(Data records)
::::::
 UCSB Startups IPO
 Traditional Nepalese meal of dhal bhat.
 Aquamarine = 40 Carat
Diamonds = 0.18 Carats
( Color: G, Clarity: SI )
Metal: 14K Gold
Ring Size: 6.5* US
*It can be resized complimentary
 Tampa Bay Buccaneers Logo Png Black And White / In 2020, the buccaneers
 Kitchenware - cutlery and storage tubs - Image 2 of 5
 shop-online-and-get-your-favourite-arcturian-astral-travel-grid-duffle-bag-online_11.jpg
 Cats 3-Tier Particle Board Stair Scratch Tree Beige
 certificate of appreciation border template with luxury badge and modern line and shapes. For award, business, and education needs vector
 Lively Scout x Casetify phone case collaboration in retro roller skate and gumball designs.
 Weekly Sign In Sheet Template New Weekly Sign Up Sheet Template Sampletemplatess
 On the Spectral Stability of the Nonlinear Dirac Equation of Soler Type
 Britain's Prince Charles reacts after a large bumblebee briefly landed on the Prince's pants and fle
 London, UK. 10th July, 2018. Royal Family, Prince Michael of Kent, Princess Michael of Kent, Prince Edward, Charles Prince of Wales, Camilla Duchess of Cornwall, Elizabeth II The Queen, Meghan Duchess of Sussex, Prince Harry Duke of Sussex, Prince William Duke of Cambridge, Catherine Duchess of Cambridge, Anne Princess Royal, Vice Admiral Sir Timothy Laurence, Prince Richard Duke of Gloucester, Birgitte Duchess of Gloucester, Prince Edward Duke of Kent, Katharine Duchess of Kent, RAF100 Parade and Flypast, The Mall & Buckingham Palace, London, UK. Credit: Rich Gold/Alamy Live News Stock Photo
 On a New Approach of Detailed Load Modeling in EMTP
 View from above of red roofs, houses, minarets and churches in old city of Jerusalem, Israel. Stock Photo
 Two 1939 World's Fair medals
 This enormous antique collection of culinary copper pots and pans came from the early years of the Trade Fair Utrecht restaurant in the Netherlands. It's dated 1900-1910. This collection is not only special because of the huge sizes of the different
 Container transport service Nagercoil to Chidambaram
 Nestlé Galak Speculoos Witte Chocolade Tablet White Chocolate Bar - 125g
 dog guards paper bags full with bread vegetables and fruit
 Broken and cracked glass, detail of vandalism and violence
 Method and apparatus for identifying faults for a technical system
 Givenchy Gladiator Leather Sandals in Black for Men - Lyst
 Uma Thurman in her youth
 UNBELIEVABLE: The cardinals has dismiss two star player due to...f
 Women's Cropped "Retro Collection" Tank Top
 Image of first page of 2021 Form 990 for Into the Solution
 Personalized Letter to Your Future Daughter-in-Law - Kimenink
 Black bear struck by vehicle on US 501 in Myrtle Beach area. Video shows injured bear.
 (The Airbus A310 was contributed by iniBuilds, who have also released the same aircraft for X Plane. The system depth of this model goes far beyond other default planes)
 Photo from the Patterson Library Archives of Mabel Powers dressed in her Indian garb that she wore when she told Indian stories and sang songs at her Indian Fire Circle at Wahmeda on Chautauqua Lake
::::::
TASK TO COMPLETE:
In the data above, find the line that contains "dog guards paper" and the line that contains "Black bear struck". Repeat exactly those lines and every line between them, and only those.

ANSWER AREA:
 dog guards paper bags full with bread vegetables and fruit
 Broken and cracked glass, detail of vandalism and violence
 Method and apparatus for identifying faults for a technical system
 Givenchy Gladiator Leather Sandals in Black for Men - Lyst
 Uma Thurman in her youth
 UNBELIEVABLE: The cardinals has dismiss two star player due to...f
 Women's Cropped "Retro Collection" Tank Top
 Image of first page of 2021 Form 990 for Into the Solution
 Personalized Letter to Your Future Daughter-in-Law - Kimenink
 Black bear struck by vehicle on US 501 in Myrtle Beach area. Video shows injured bear.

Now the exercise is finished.